Well, I knew that if I was going to actually make a post, it would have to be a doozy. I still can't fucking believe that last night just happened. I just met Quentin Tarantino and I have pictures!
Got tickets for the Alamo Drafthouse on South Lamar to see Snakes on a Plane with Ryan and the gang. Madness ensued....
Before the Movie:
I get in the car when they're picking me up only to find Jonathan in the backseat clutching some baking pans in his lap; in one pan is a cake shaped like snakes and, of course, in the other is a cake shaped like a plane.
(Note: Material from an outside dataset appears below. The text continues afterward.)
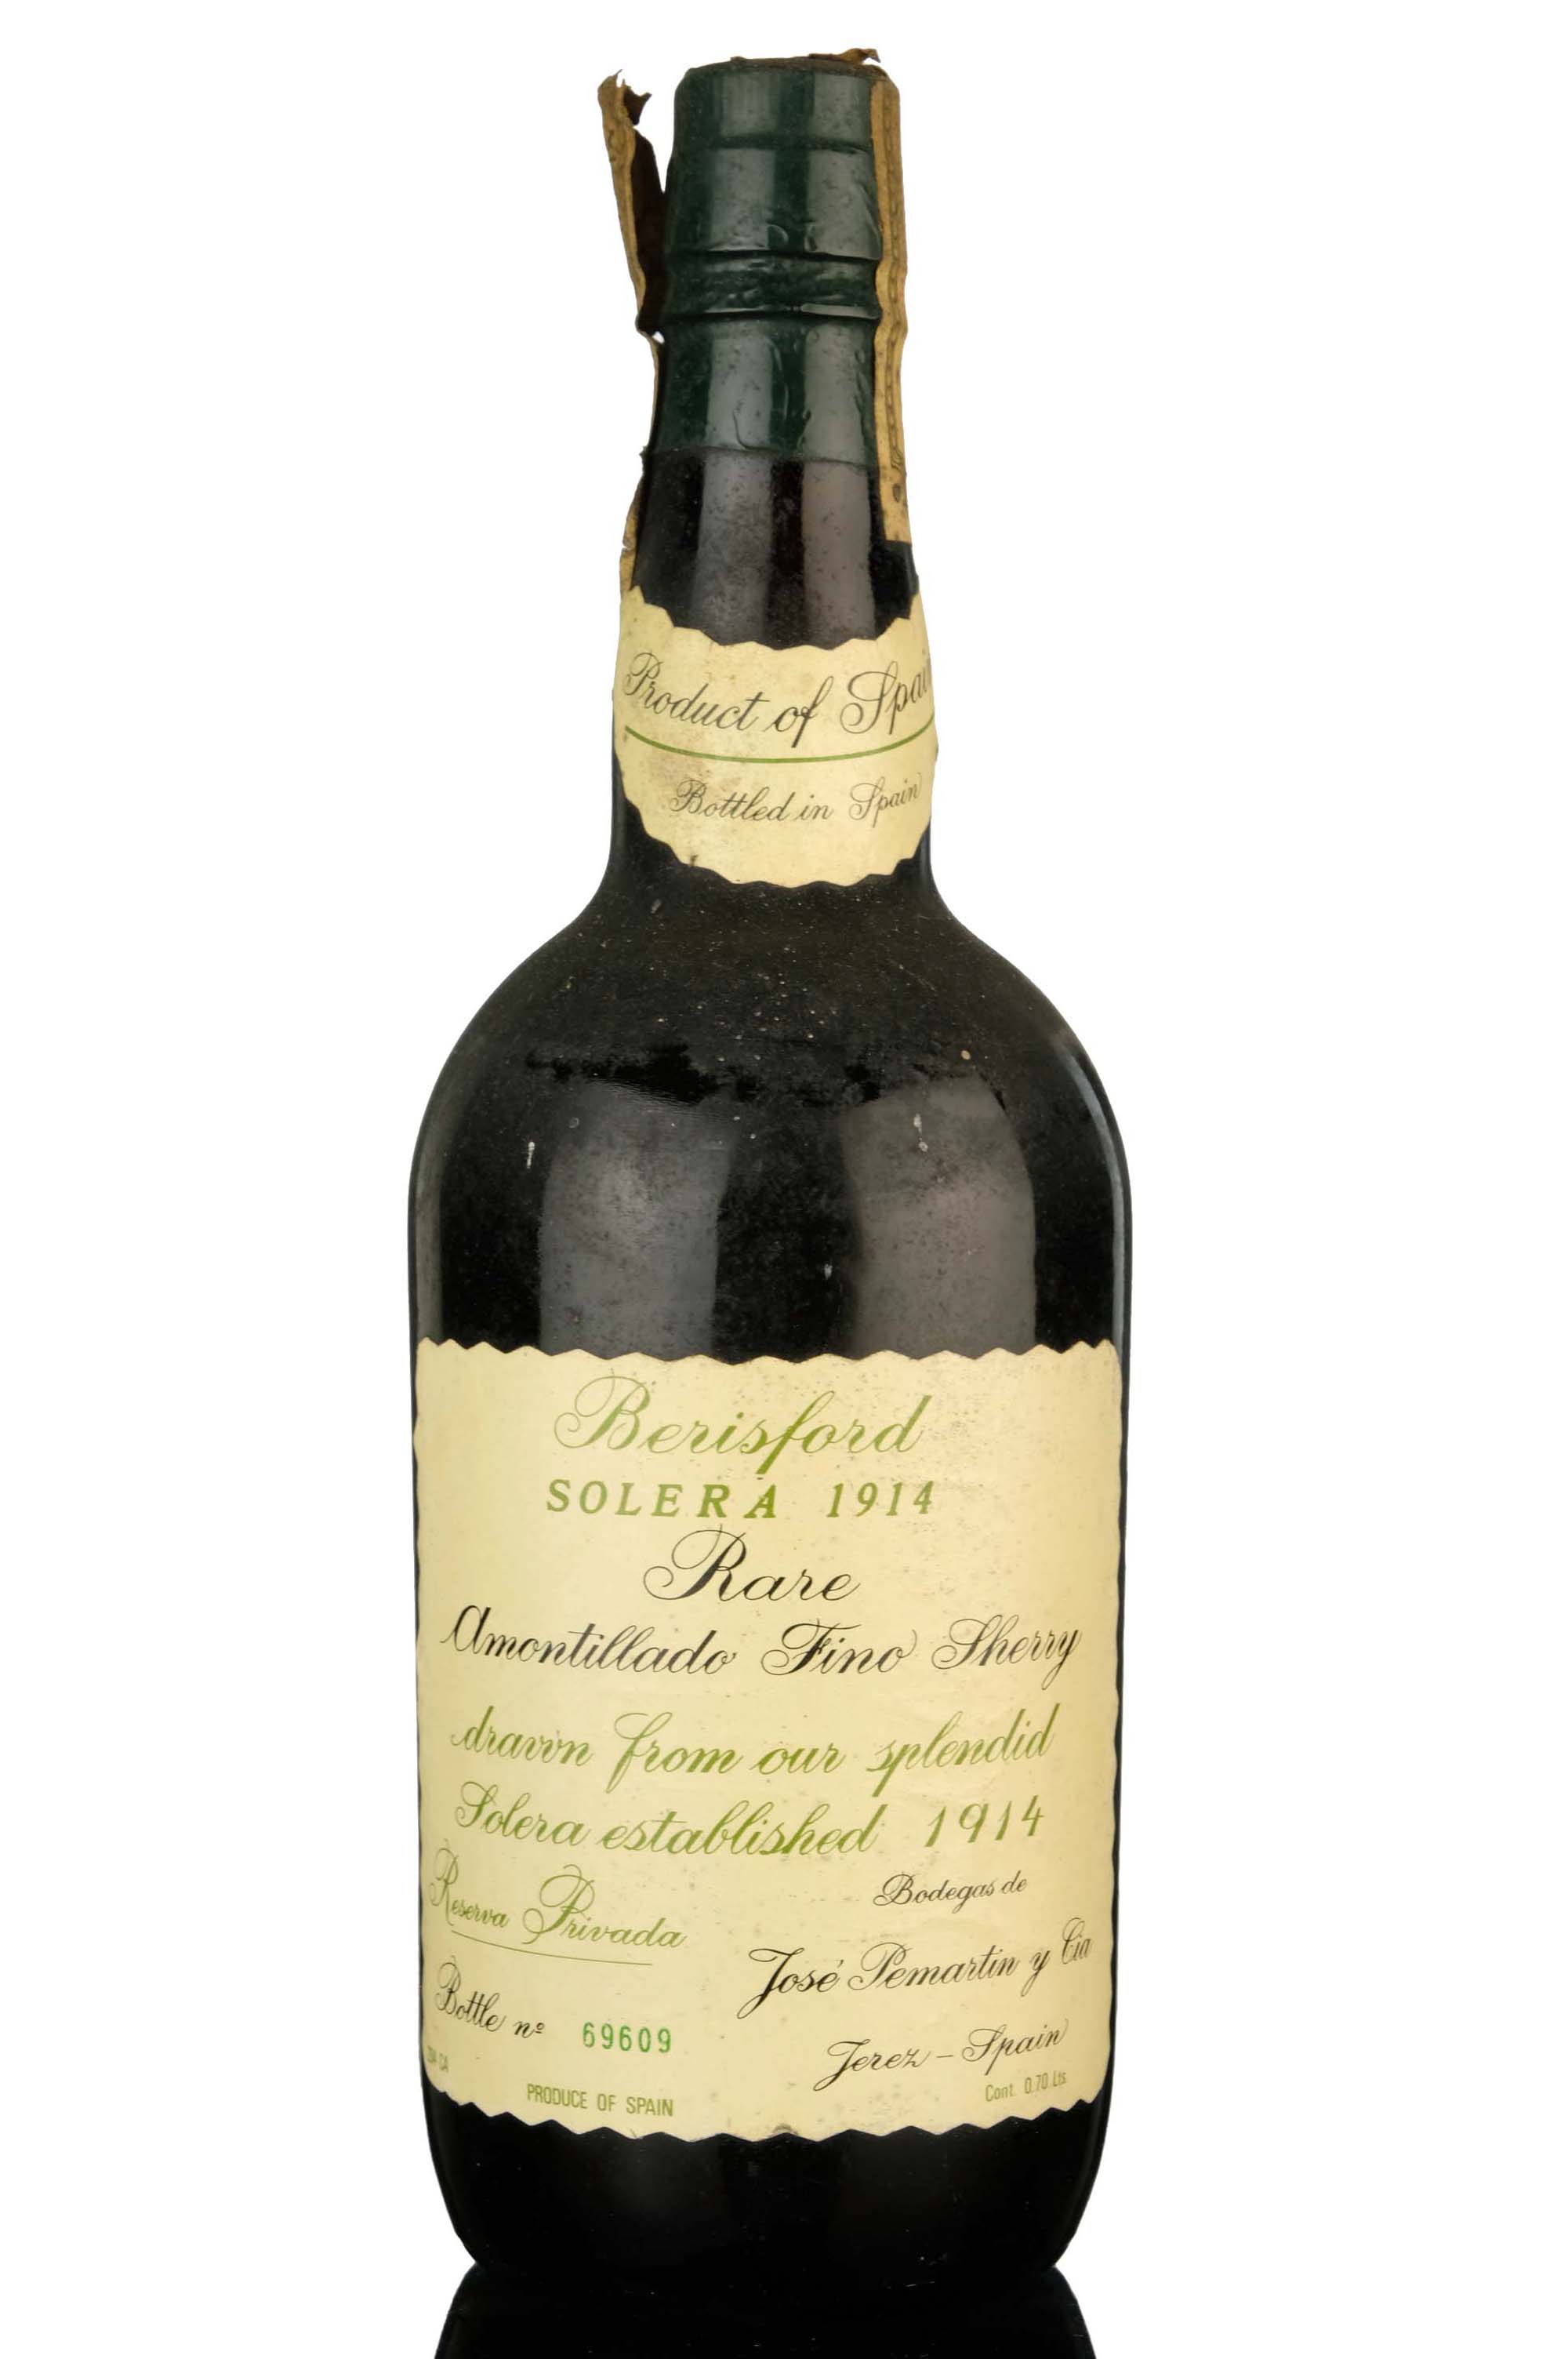 Berisford Solera 1914 Amontillado Fino Sherry - 1970s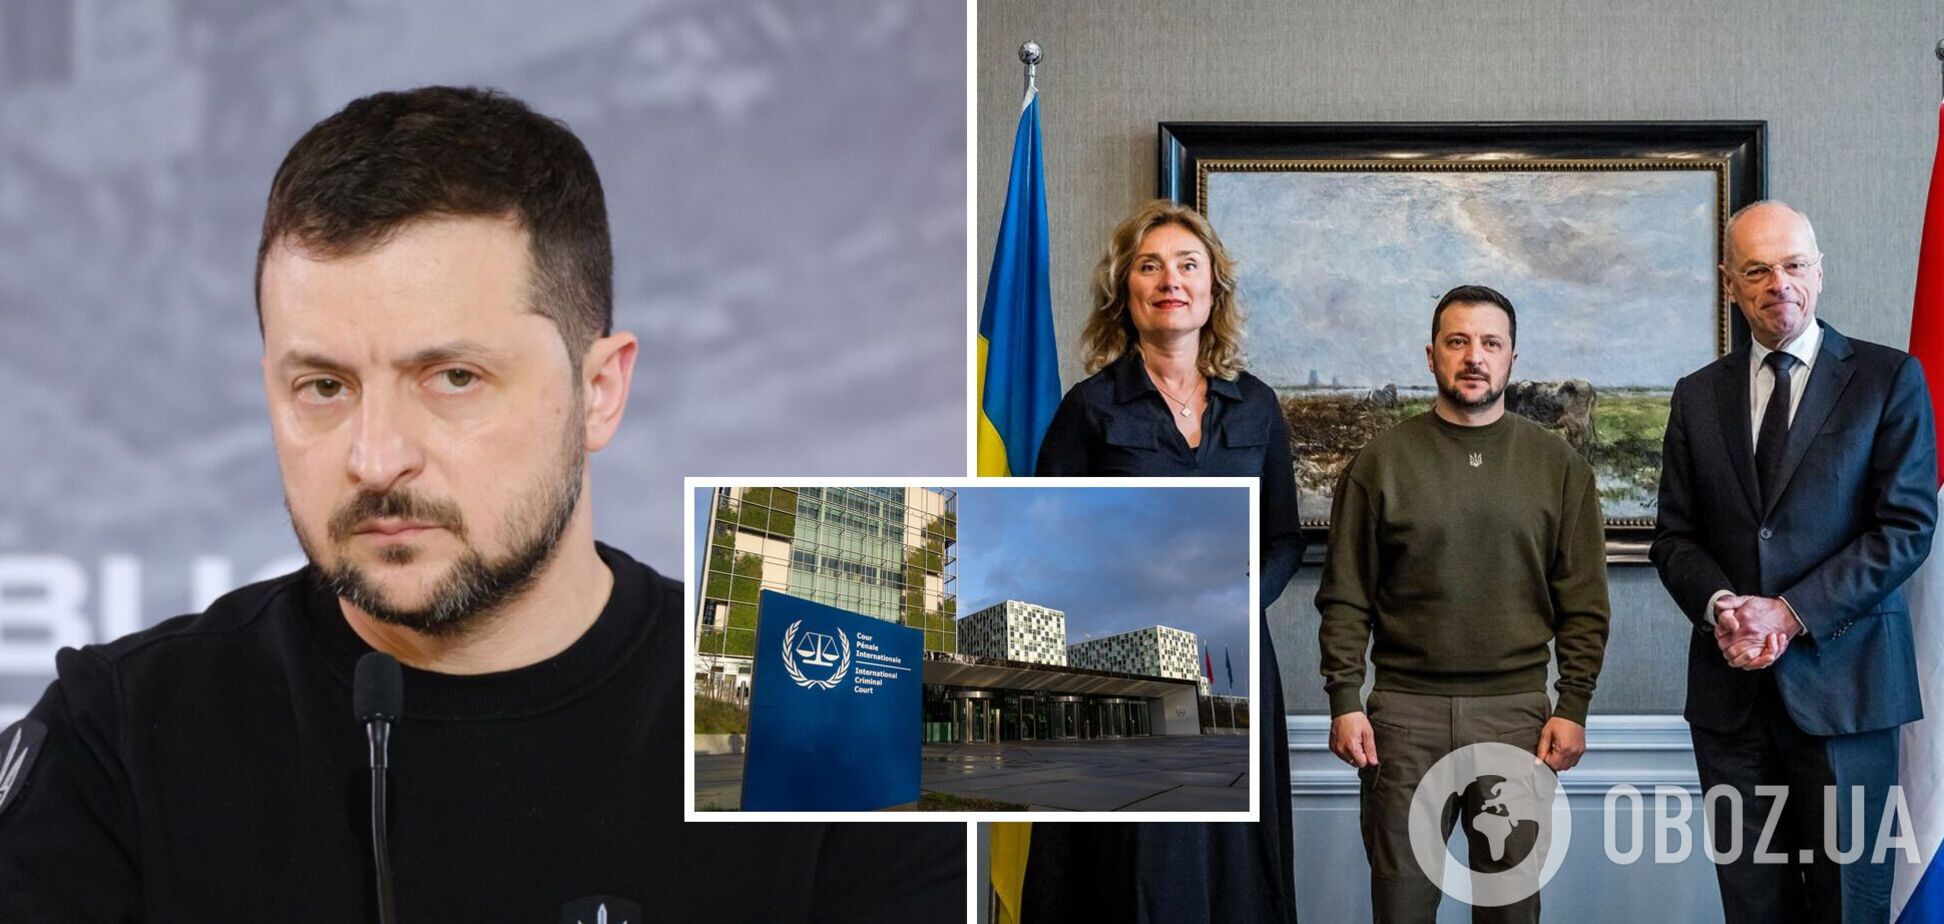 'Мы должны укрепить крылья Украины': Зеленский прибыл с визитом в Нидерланды и призвал предоставить Украине истребители. Видео

All the way to the movie theatre and all the while we were in line, I proceeded to voice my consternation at being told that I should not eat the cake until "more people show up." But it was food and I WAS HUNGRY, so sue me. Good thing I didn't eat it all, 'cause the cakes produced quite a spectacle. Of course we were confronted with Drafthouse employees asking about the cakes, but we assured them that we had connections with management and that as long as we talked to Management Guy "Trey" about the cakes we were cleared to bring them inside. When Trey showed up, he stated that while it was theatre policy not to allow outside food inside the theatre, our cakes were just "so cool" that he was willing to make an exception.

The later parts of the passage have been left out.